#### EXERCISE AIM
Below are some records; quote exactly the lines from the one that contains "Polo Ralph Lauren" through the one that contains "Rustic Christmas Photo", inclusive, and no others.

#### DATA FOR THE TASK
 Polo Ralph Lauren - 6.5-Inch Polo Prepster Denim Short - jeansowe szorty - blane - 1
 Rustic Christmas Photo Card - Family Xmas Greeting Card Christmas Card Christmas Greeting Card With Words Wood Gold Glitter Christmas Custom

---

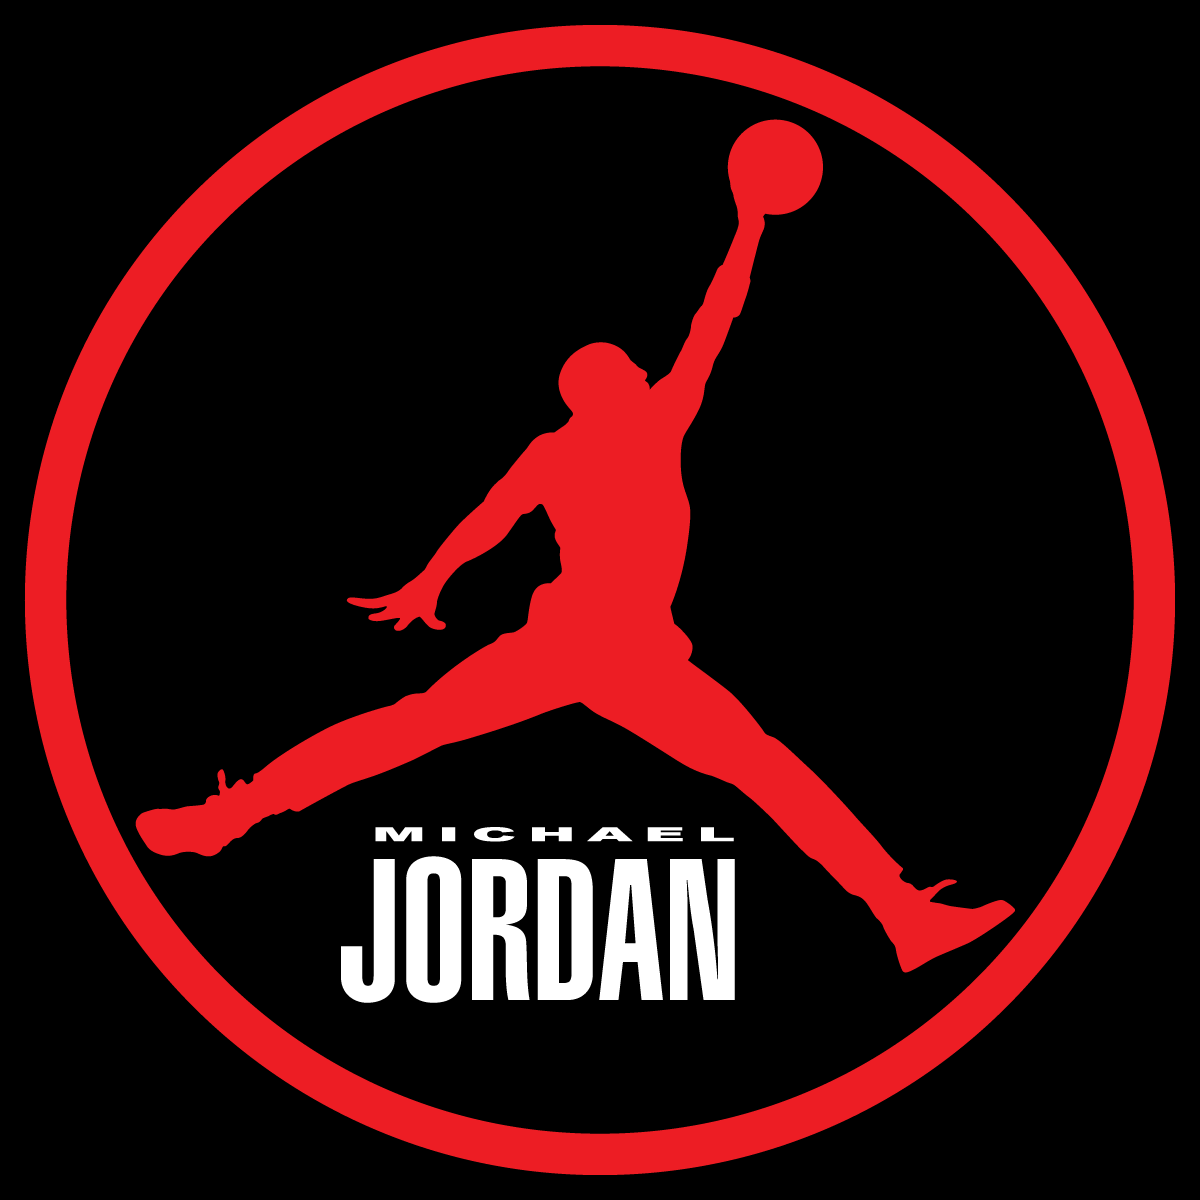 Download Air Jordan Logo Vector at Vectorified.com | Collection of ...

---

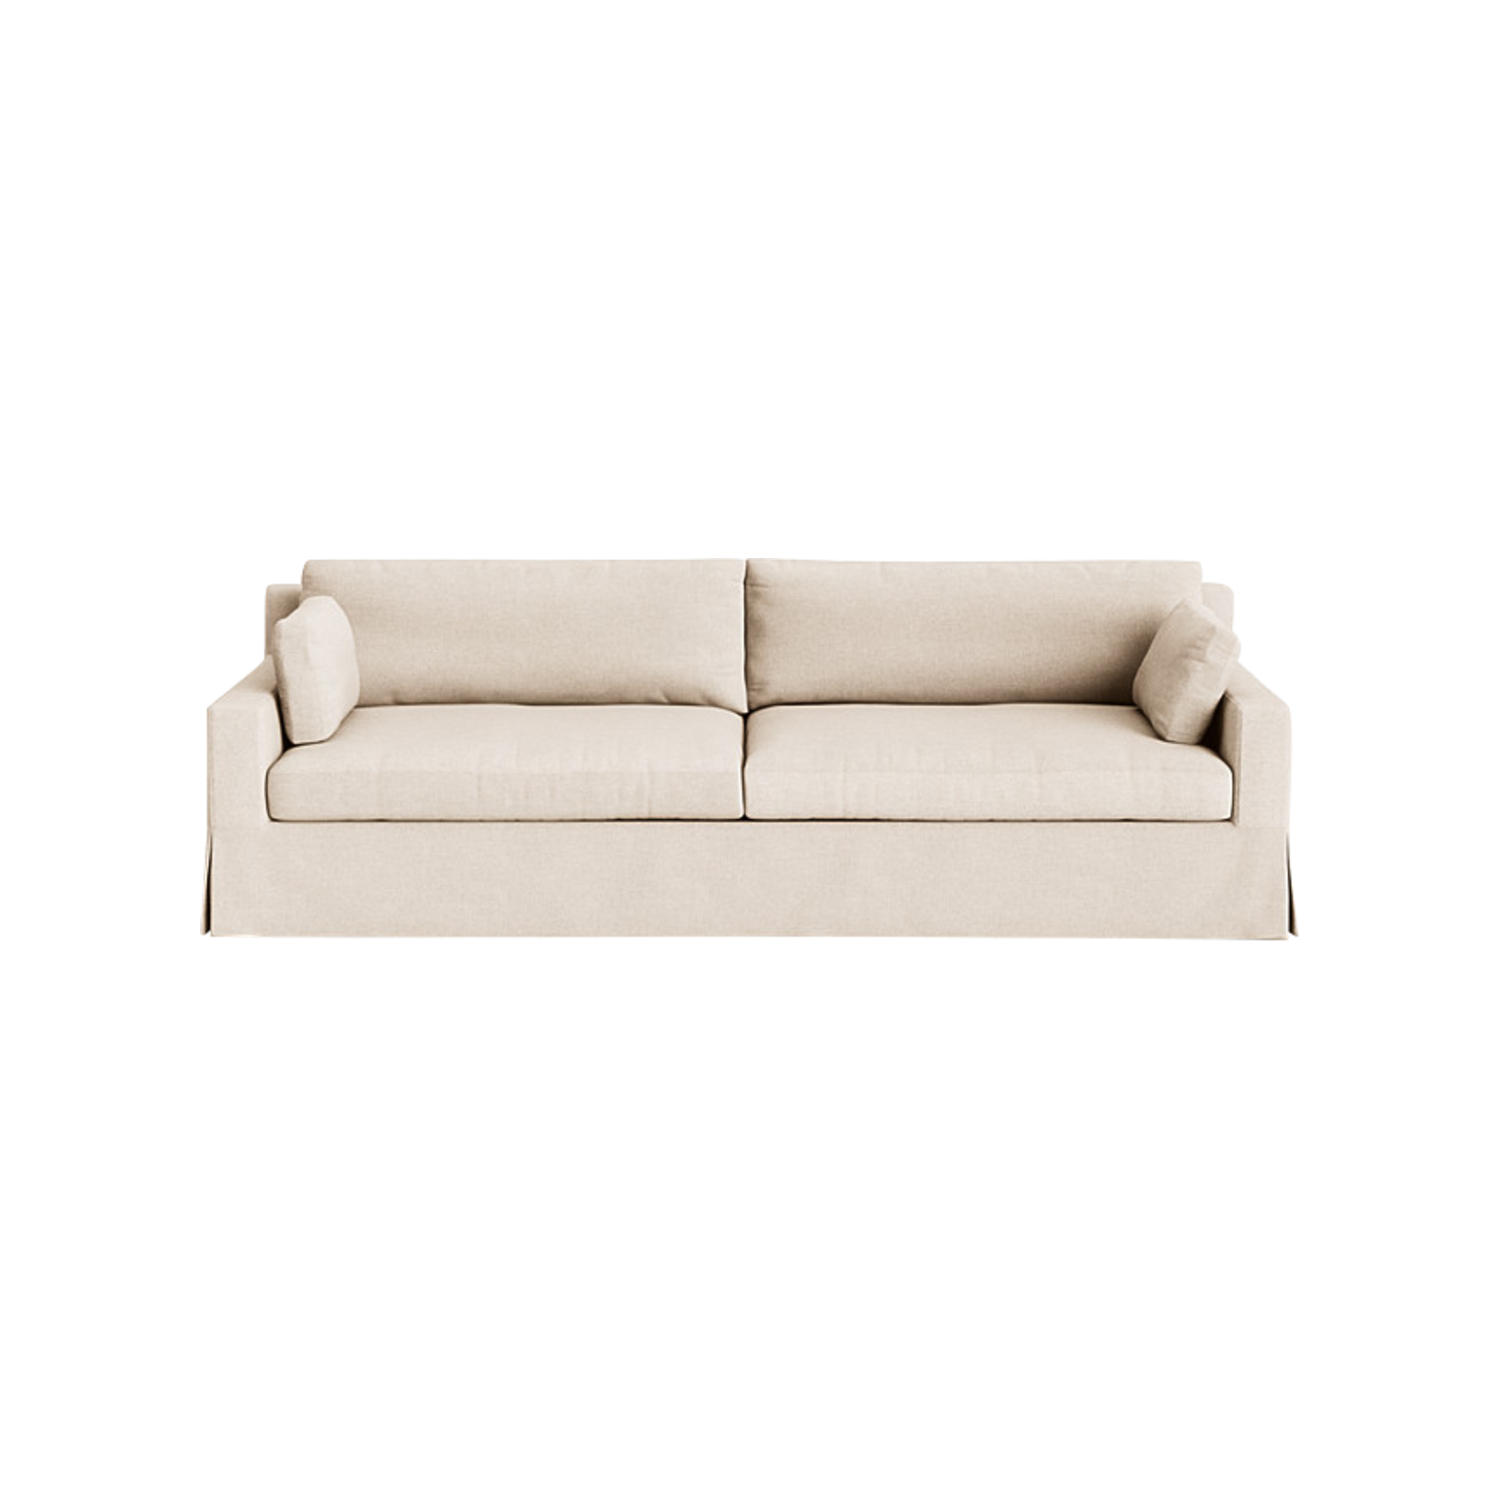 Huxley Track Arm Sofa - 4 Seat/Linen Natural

#### ANSWER TO THIS EXERCISE
 Polo Ralph Lauren - 6.5-Inch Polo Prepster Denim Short - jeansowe szorty - blane - 1
 Rustic Christmas Photo Card - Family Xmas Greeting Card Christmas Card Christmas Greeting Card With Words Wood Gold Glitter Christmas Custom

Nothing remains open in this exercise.